(Problem requirements):
All entries below are to be retyped in full, precisely as they appear.
====== Supplied data ======
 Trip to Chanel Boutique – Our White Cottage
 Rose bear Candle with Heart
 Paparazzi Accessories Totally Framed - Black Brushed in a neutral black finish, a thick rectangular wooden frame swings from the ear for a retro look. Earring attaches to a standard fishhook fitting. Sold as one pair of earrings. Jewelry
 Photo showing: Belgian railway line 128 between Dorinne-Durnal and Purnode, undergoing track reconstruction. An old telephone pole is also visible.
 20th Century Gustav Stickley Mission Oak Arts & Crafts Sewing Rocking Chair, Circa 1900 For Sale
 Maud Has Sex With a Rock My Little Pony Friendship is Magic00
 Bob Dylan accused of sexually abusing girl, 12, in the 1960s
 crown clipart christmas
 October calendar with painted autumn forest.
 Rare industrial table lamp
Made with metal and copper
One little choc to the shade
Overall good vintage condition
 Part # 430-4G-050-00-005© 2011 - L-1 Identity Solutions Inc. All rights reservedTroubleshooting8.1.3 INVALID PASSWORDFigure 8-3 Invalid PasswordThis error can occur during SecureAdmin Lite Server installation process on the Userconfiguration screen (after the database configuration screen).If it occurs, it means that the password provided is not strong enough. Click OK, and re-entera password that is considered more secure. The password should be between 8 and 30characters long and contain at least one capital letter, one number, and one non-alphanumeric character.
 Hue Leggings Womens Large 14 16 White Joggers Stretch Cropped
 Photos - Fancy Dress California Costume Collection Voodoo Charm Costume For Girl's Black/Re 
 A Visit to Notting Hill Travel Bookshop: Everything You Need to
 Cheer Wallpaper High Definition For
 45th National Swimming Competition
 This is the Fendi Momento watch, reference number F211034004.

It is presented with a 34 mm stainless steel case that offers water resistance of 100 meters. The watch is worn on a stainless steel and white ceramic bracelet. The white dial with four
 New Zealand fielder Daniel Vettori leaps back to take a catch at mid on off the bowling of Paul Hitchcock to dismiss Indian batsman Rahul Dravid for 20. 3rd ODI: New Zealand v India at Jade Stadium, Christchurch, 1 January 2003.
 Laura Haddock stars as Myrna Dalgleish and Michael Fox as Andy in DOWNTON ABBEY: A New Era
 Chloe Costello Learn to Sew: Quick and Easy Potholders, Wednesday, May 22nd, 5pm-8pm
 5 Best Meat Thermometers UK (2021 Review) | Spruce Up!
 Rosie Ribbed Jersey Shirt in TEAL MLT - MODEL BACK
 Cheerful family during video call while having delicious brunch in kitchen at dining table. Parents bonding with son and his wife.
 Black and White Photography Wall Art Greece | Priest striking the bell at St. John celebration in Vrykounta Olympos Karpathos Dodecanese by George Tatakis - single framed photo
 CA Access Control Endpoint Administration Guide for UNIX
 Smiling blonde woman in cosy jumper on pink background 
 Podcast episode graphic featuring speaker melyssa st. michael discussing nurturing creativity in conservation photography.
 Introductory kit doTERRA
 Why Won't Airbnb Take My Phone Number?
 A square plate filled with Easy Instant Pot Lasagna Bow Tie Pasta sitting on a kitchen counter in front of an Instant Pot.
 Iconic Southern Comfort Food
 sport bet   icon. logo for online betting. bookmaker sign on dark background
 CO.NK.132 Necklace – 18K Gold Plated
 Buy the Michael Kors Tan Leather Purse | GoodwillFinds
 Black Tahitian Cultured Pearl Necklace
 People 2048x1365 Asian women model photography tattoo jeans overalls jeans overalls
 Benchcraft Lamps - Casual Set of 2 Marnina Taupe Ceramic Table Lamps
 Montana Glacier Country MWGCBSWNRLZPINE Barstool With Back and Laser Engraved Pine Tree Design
======
(Answer below):
 Trip to Chanel Boutique – Our White Cottage
 Rose bear Candle with Heart
 Paparazzi Accessories Totally Framed - Black Brushed in a neutral black finish, a thick rectangular wooden frame swings from the ear for a retro look. Earring attaches to a standard fishhook fitting. Sold as one pair of earrings. Jewelry
 Photo showing: Belgian railway line 128 between Dorinne-Durnal and Purnode, undergoing track reconstruction. An old telephone pole is also visible.
 20th Century Gustav Stickley Mission Oak Arts & Crafts Sewing Rocking Chair, Circa 1900 For Sale
 Maud Has Sex With a Rock My Little Pony Friendship is Magic00
 Bob Dylan accused of sexually abusing girl, 12, in the 1960s
 crown clipart christmas
 October calendar with painted autumn forest.
 Rare industrial table lamp
Made with metal and copper
One little choc to the shade
Overall good vintage condition
 Part # 430-4G-050-00-005© 2011 - L-1 Identity Solutions Inc. All rights reservedTroubleshooting8.1.3 INVALID PASSWORDFigure 8-3 Invalid PasswordThis error can occur during SecureAdmin Lite Server installation process on the Userconfiguration screen (after the database configuration screen).If it occurs, it means that the password provided is not strong enough. Click OK, and re-entera password that is considered more secure. The password should be between 8 and 30characters long and contain at least one capital letter, one number, and one non-alphanumeric character.
 Hue Leggings Womens Large 14 16 White Joggers Stretch Cropped
 Photos - Fancy Dress California Costume Collection Voodoo Charm Costume For Girl's Black/Re 
 A Visit to Notting Hill Travel Bookshop: Everything You Need to
 Cheer Wallpaper High Definition For
 45th National Swimming Competition
 This is the Fendi Momento watch, reference number F211034004.

It is presented with a 34 mm stainless steel case that offers water resistance of 100 meters. The watch is worn on a stainless steel and white ceramic bracelet. The white dial with four
 New Zealand fielder Daniel Vettori leaps back to take a catch at mid on off the bowling of Paul Hitchcock to dismiss Indian batsman Rahul Dravid for 20. 3rd ODI: New Zealand v India at Jade Stadium, Christchurch, 1 January 2003.
 Laura Haddock stars as Myrna Dalgleish and Michael Fox as Andy in DOWNTON ABBEY: A New Era
 Chloe Costello Learn to Sew: Quick and Easy Potholders, Wednesday, May 22nd, 5pm-8pm
 5 Best Meat Thermometers UK (2021 Review) | Spruce Up!
 Rosie Ribbed Jersey Shirt in TEAL MLT - MODEL BACK
 Cheerful family during video call while having delicious brunch in kitchen at dining table. Parents bonding with son and his wife.
 Black and White Photography Wall Art Greece | Priest striking the bell at St. John celebration in Vrykounta Olympos Karpathos Dodecanese by George Tatakis - single framed photo
 CA Access Control Endpoint Administration Guide for UNIX
 Smiling blonde woman in cosy jumper on pink background 
 Podcast episode graphic featuring speaker melyssa st. michael discussing nurturing creativity in conservation photography.
 Introductory kit doTERRA
 Why Won't Airbnb Take My Phone Number?
 A square plate filled with Easy Instant Pot Lasagna Bow Tie Pasta sitting on a kitchen counter in front of an Instant Pot.
 Iconic Southern Comfort Food
 sport bet   icon. logo for online betting. bookmaker sign on dark background
 CO.NK.132 Necklace – 18K Gold Plated
 Buy the Michael Kors Tan Leather Purse | GoodwillFinds
 Black Tahitian Cultured Pearl Necklace
 People 2048x1365 Asian women model photography tattoo jeans overalls jeans overalls
 Benchcraft Lamps - Casual Set of 2 Marnina Taupe Ceramic Table Lamps
 Montana Glacier Country MWGCBSWNRLZPINE Barstool With Back and Laser Engraved Pine Tree Design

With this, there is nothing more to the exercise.